Reader Ramblings: Physical and Social Dysphoria

This question was submitted about two weeks ago. Immediately I knew how to answer it, yet it forced me to dig deep to come up with a coherent reason WHY I felt the way I did, and closely parallels what has lately been troubling me.

Question

i’m having trouble with my chest, i guess. not when i’m naked, not when i’m alone (or alone with my partner). i only have trouble with my chest when i’m in public. i consider top-surgery now and then, but i know i’d miss my breasts when naked and alone. when i’m naked and alone, i feel whole.

i think you’ve been in a place similar to this place. i guess this message is asking for reassurance that this place is real, that real people have gone before me.

The Two Needs

I relate to what you say in some ways, but not in others. Let me explain.
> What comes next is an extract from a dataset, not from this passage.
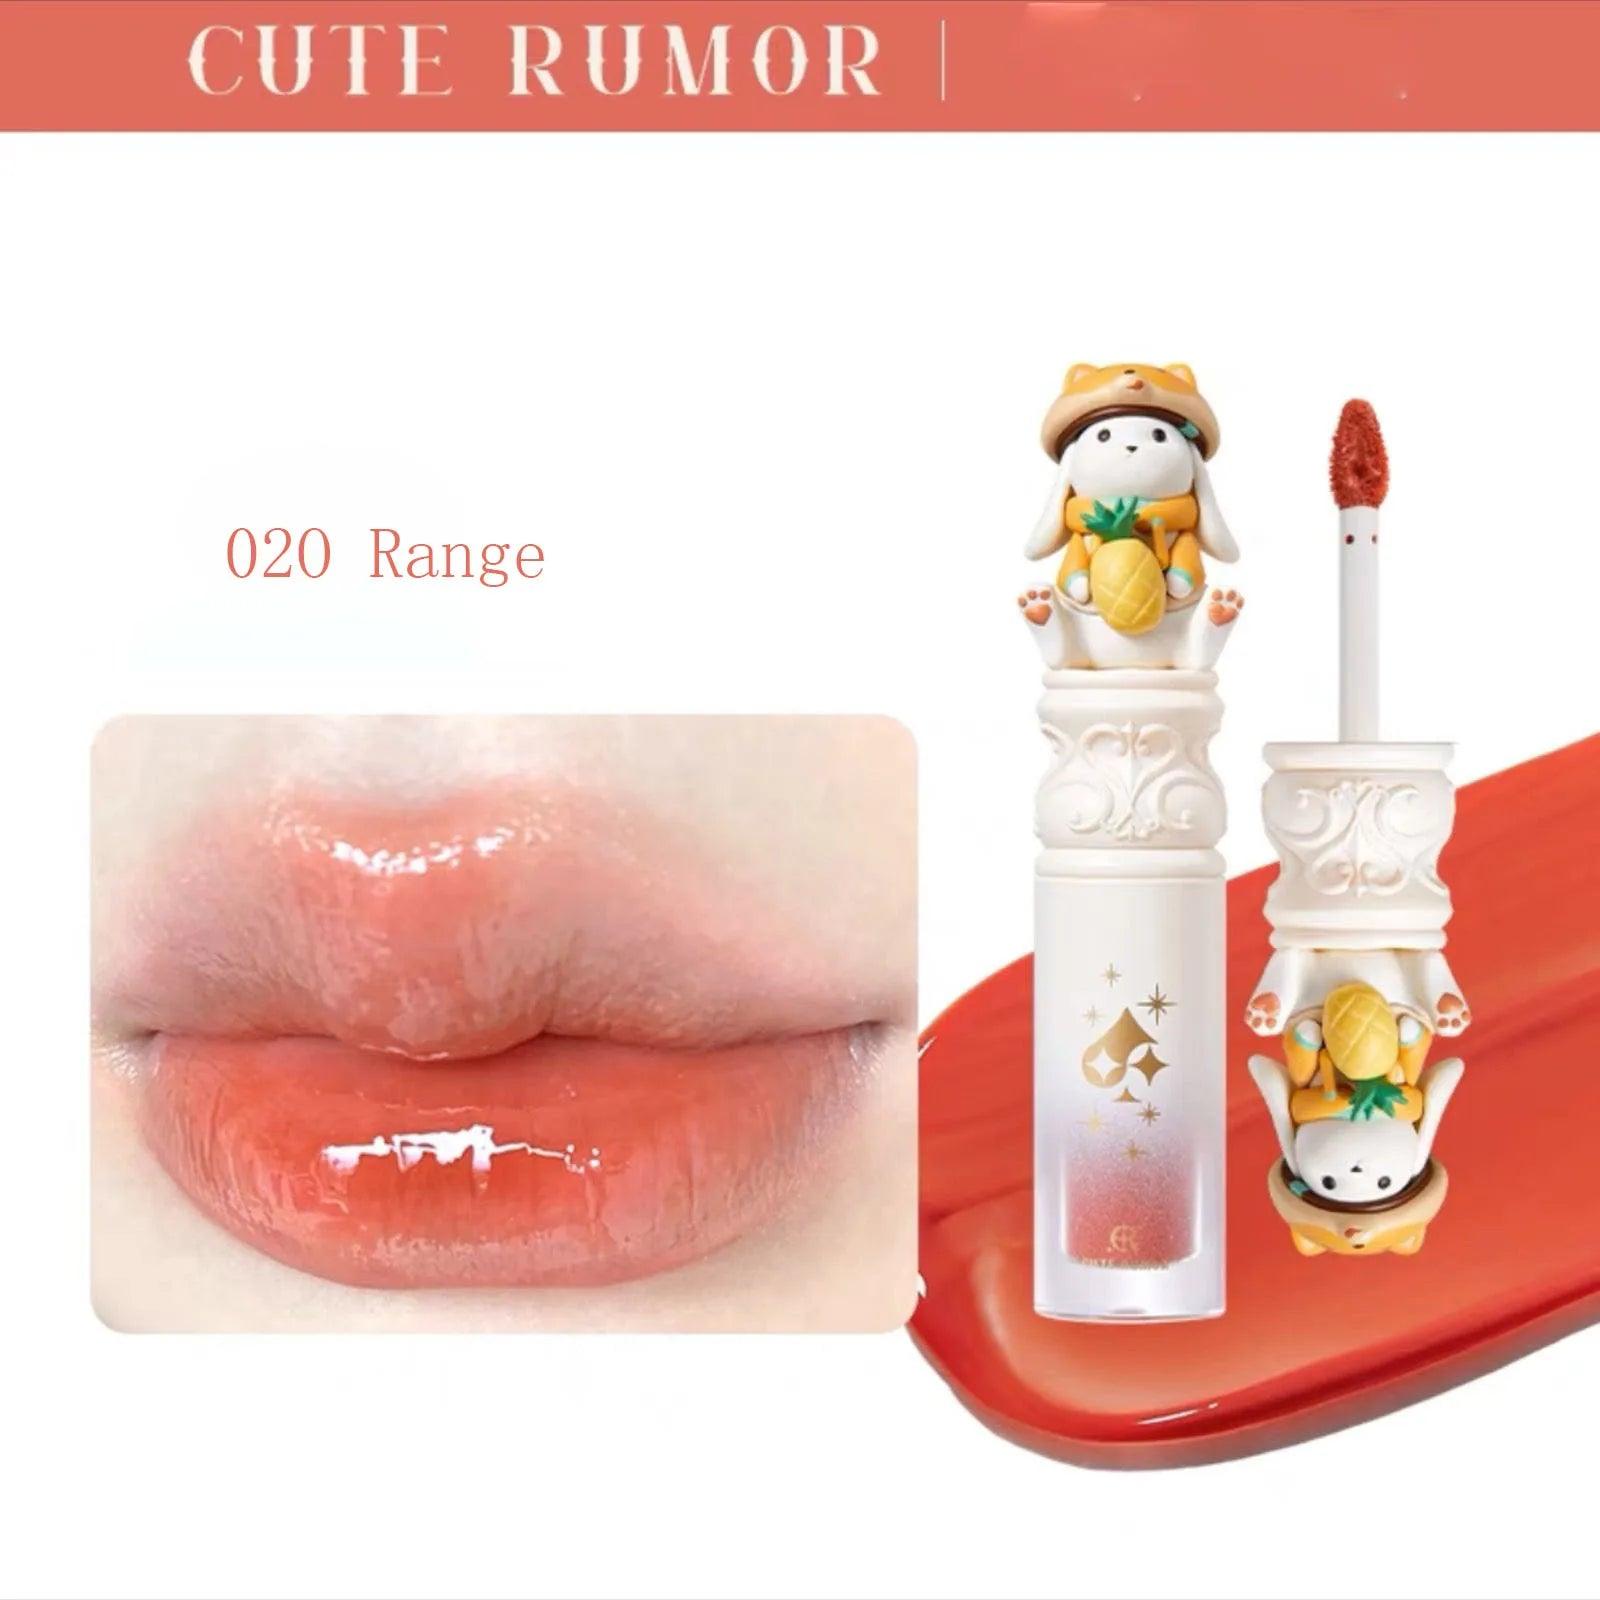 cute rumor cosmetics: plumping, long-lasting, perfect gift.

People often say gender is entirely a social construct. They posit: “If you were on a deserted island, would you feel the need to transition?” My answer: Yes. I never wanted breasts, never liked having them. When I was clothed, I bound my breasts as flat as possible. Alone and naked, I felt constant unease, uncomfortable in my own skin. I saw myself in a way that was deeply incongruous with my current body. This was all before I had even heard the term transgender, let alone let in sink in.

So you see, I never had a “complicated relationship” with my breasts. The decision to get top surgery was very straightforward. And now I feel a great relief that my biological unit is in line with myself.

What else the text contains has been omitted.